Que la violence dans le monde atteigne aujourd’hui des sommets, que celle des hommes à l’égard des femmes se perpétue, que les religions alimentent souvent l’une et l’autre, que le champ d’exercice de la violence s’étende aux marginaux jugés pécheurs et scandaleux, mais aussi aux enfants, tous les esprits droits conscientisés en conviennent. Trop peu cependant parmi eux protestent activement contre les dérives monstrueuses que véhicule la prétention d’avoir la vérité et le droit de l’imposer à tous manu militari.
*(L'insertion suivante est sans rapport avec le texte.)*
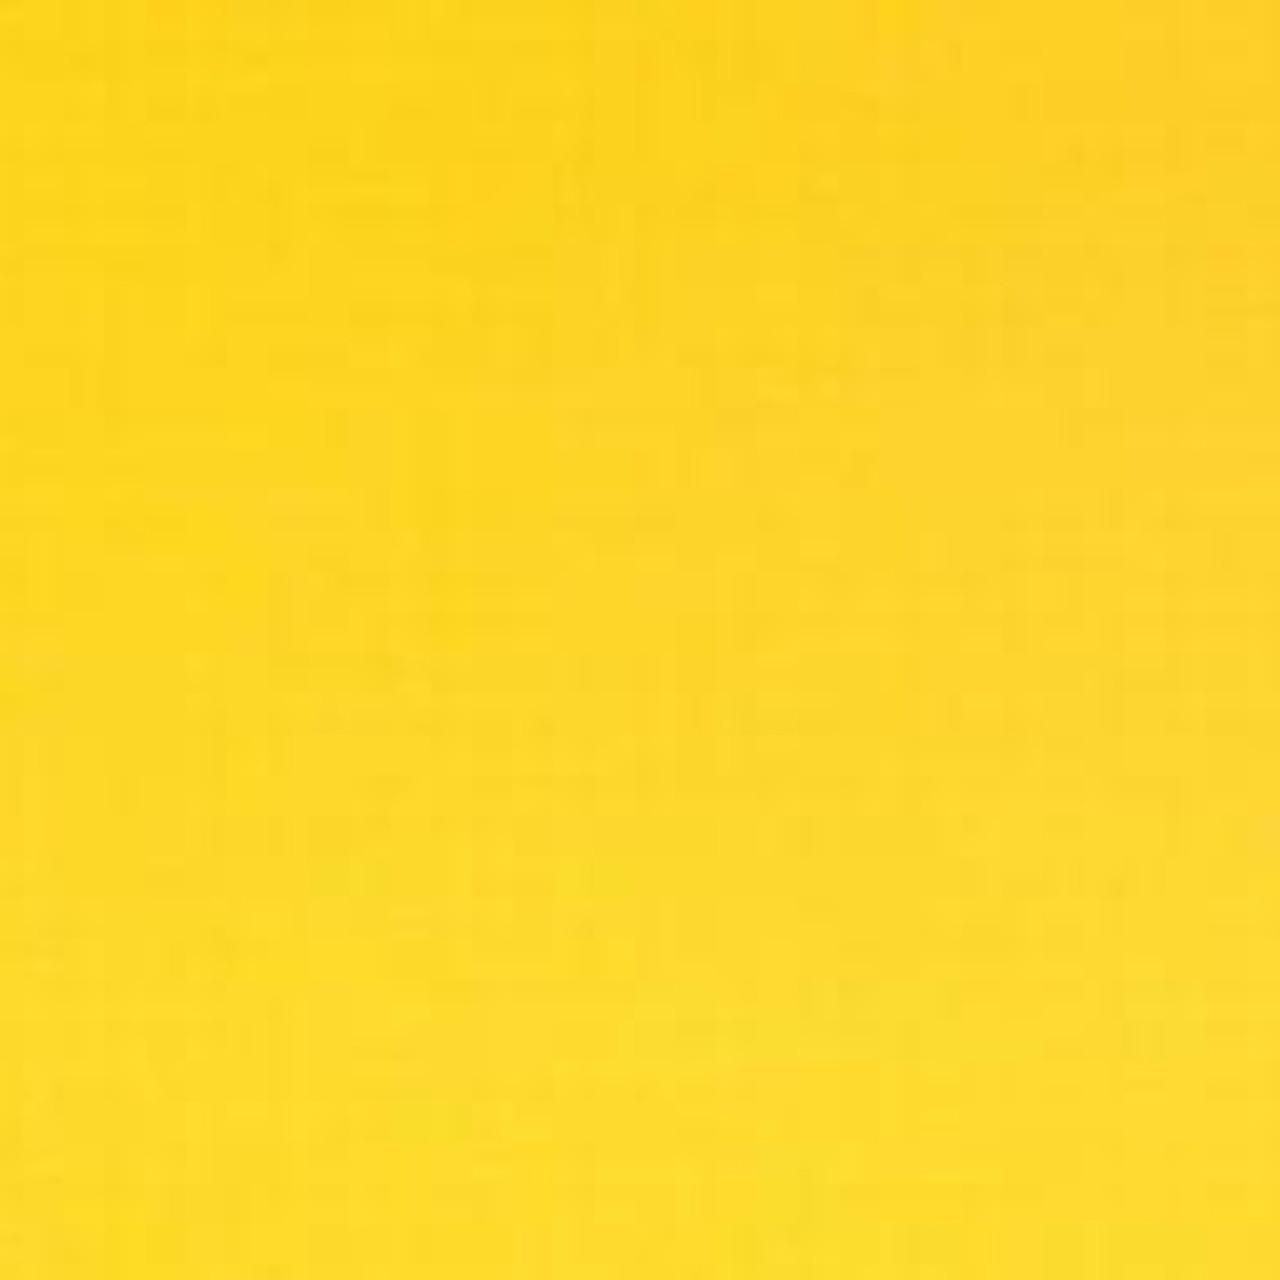 Самоклейка, PATIFIX, желтый, 45 cm

Voilà sans doute pourquoi un personnage exceptionnel de la trempe d’Irshad Manji apparaît comme un exemple à suivre aux personnes soucieuses de mener une vie conforme à leurs convictions. Pour qui ne la connaîtrait pas déjà, ou de réputation, signalons qu’Irshad Manji a tout d’une marginale. Elle est née en Ouganda de parents musulmans d’origine asiatique (Asie du Sud-Est), dont la première génération avait été établie par les Britanniques en Afrique de l’Est pour travailler aux voies de communication. La famille, devenue bien nantie et prospère, devra quitter le pays d’adoption, rejetée par le gouvernement d’Idi Amin Dada, le libérateur qui entendait le réserver aux Noirs. Irshad a quatre ans quand elle arrive au Canada. Elle fréquentera l’école à Richmond près de Vancouver après avoir été admise en garderie chrétienne chez les Baptistes des environs.
L’on soupçonne delà que la fillette musulmane, élevée dans le plus strict respect de sa religion, verra plein d’exemples différents autour d’elle dès la petite enfance. Comme elle est vive intellectuellement et s’intéresse à tout, elle obtiendra à huit ans le Prix du chrétien le plus prometteur de l’année !… ce qui amènera son père à la retirer de l’école publique pour la confier à l’école coranique, la madressa. Mais… l’environnement est multi-racial et multi-confessionnel, comme elle le souligne. Douée d’un esprit ouvert et d’un rare potentiel intellectuel, elle engrange et soupèse ces diverses façons de voir et de se comporter, ces pensées multiples, et soudain se révèle à elle, malgré elle, que le plus rébarbatif des sentiers qu’elle explore semble être celui de sa propre religion (qu’elle songera un moment à déserter, mais par nature elle préfère affronter les problèmes que les nier).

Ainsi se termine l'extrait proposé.